Gema menundukkan kepalanya, air mata terus mengalir. “Aku tidak tahu harus mulai dari mana. Aku hanya seorang pemuda, Jaka. Bagaimana aku bisa menyelamatkan dunia?”

Jaka Tandingan berdiri, lalu membantu Gema untuk bangkit. “Kau bukan hanya seorang pemuda, Gema. Kau adalah yang diramalkan dalam Sajak Abadi. Dan kau tidak sendirian. Aku di sini untuk membantumu, untuk membimbingmu.”

Gema mendongak, menatap Jaka dengan harapan yang mulai tumbuh kembali. Meski kesedihan masih menguasai hatinya, dia tahu bahwa dia tidak bisa berhenti di sini. Ibunya telah memberikan hidupnya untuknya. Tidak ada pilihan lain selain maju.

“Apa yang harus kita lakukan sekarang?” Gema bertanya, suaranya masih bergetar namun lebih tegas.

“Kita harus pergi ke Kerajaan Langit Timur,” Jaka menjawab. “Di sana, Raden Jayabaya menunggumu. Dia memiliki jawaban atas semua pertanyaanmu, dan dia akan membantumu menemukan kekuatan yang sebenarnya.”

Gema mengangguk pelan, meski rasa takut masih membelenggu. Dia tahu bahwa ini hanya awal dari perjalanan yang panjang dan penuh bahaya. Tetapi dengan Jaka Tandingan di sisinya, dia merasa ada sedikit harapan yang tersisa.

Mereka mulai berjalan menjauh dari desa, meninggalkan rumahnya yang kini hanya menjadi puing-puing dan kenangan yang tak mungkin dilupakan. Di belakang mereka, api terus membakar, seolah-olah ingin menghapus semua jejak dari kehidupan yang pernah ada di sana.

“Gema,” Jaka berkata saat mereka berjalan, “kau harus tahu bahwa apa yang terjadi malam ini hanyalah permulaan. Dunia ini berada di ambang kehancuran, dan hanya kau yang bisa menghentikannya.”

Gema terdiam, mencerna kata-kata itu. Beban di pundaknya terasa semakin berat, namun dia tahu dia tidak bisa mundur lagi. Dunia yang hancur dan dua benua yang terus berperang membutuhkan sosok yang bisa menyatukan mereka, meski itu berarti harus mengorbankan segalanya.

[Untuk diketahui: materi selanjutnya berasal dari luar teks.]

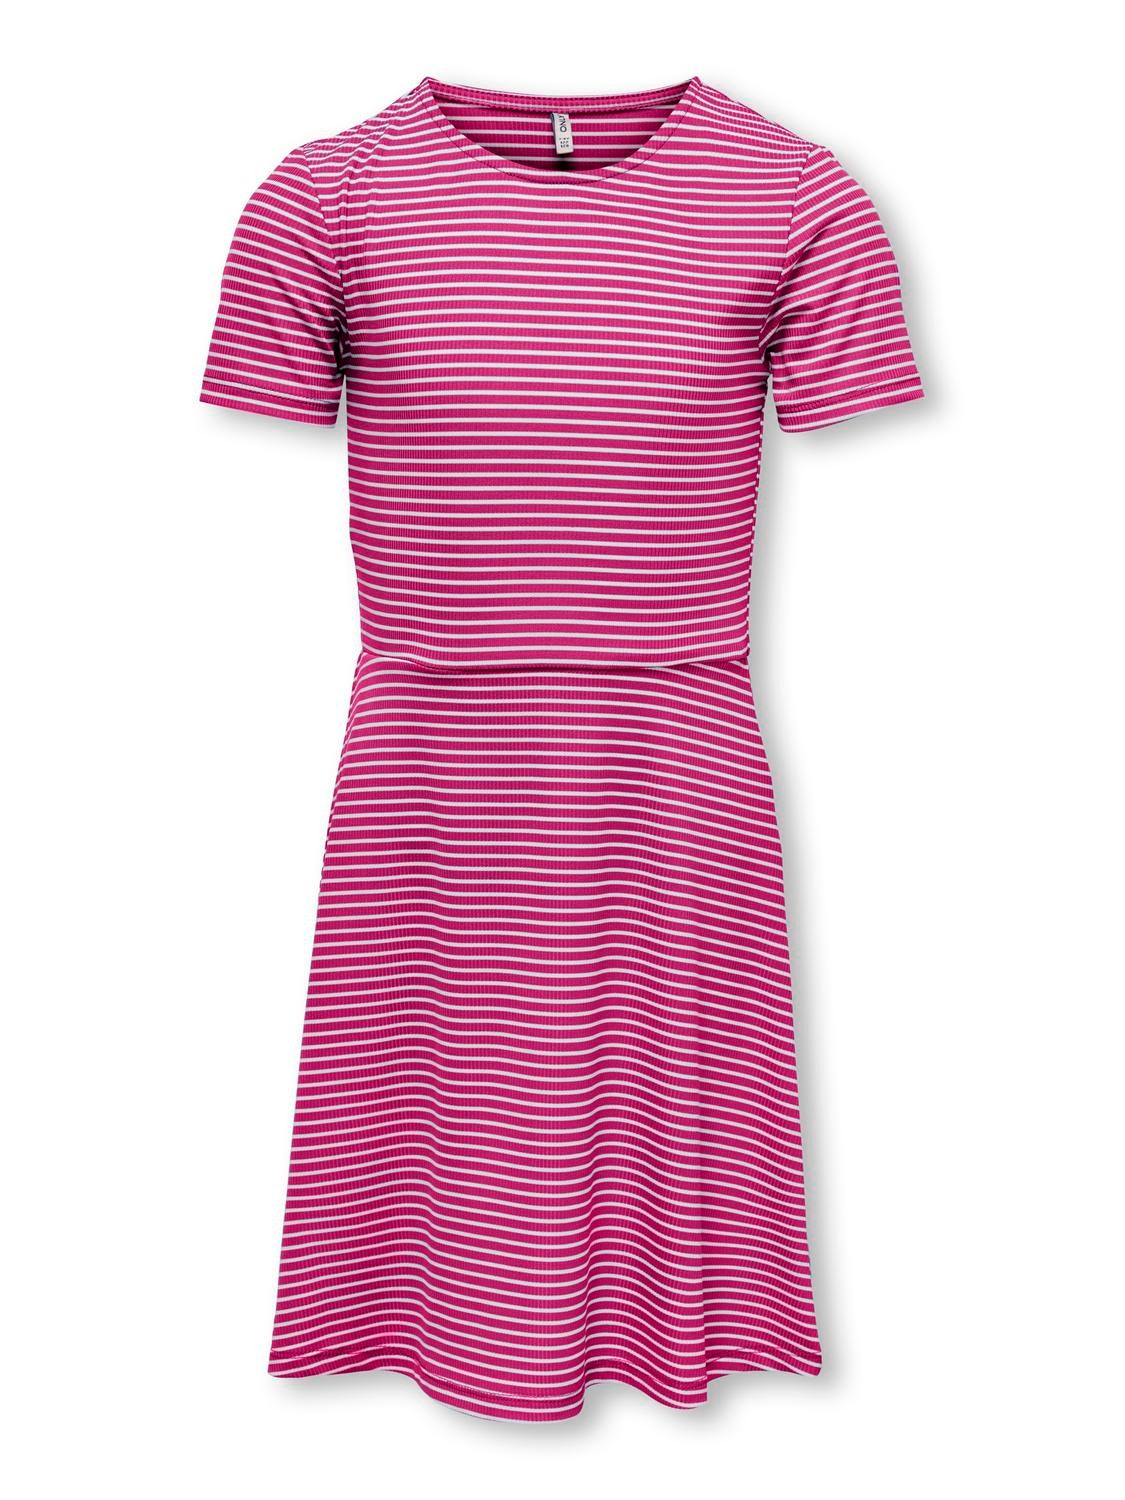 ONLY Ribbed Skater Dress -Very Berry - 15285369

“Aku akan melakukannya, Jaka,” kata Gema akhirnya, meski dengan suara yang nyaris tak terdengar. “Aku akan menghentikan perang ini. Untuk ibuku, untuk desa ini, dan untuk dunia yang lebih baik.”

Jaka Tandingan tersenyum tipis, meski matanya tetap waspada. “Itulah semangat yang kubutuhkan darimu. Kita akan melakukannya bersama, Gema. Kau dan aku, kita akan menaklukkan semua rintangan yang ada di depan.”

Malam itu, di bawah hujan yang masih mengguyur, Gema Pratama melangkah pergi dari desa yang telah menjadi kuburan bagi ibu tercintanya. Dia berjalan dengan hati yang terluka, namun dengan tekad yang mulai tumbuh di dalam dirinya.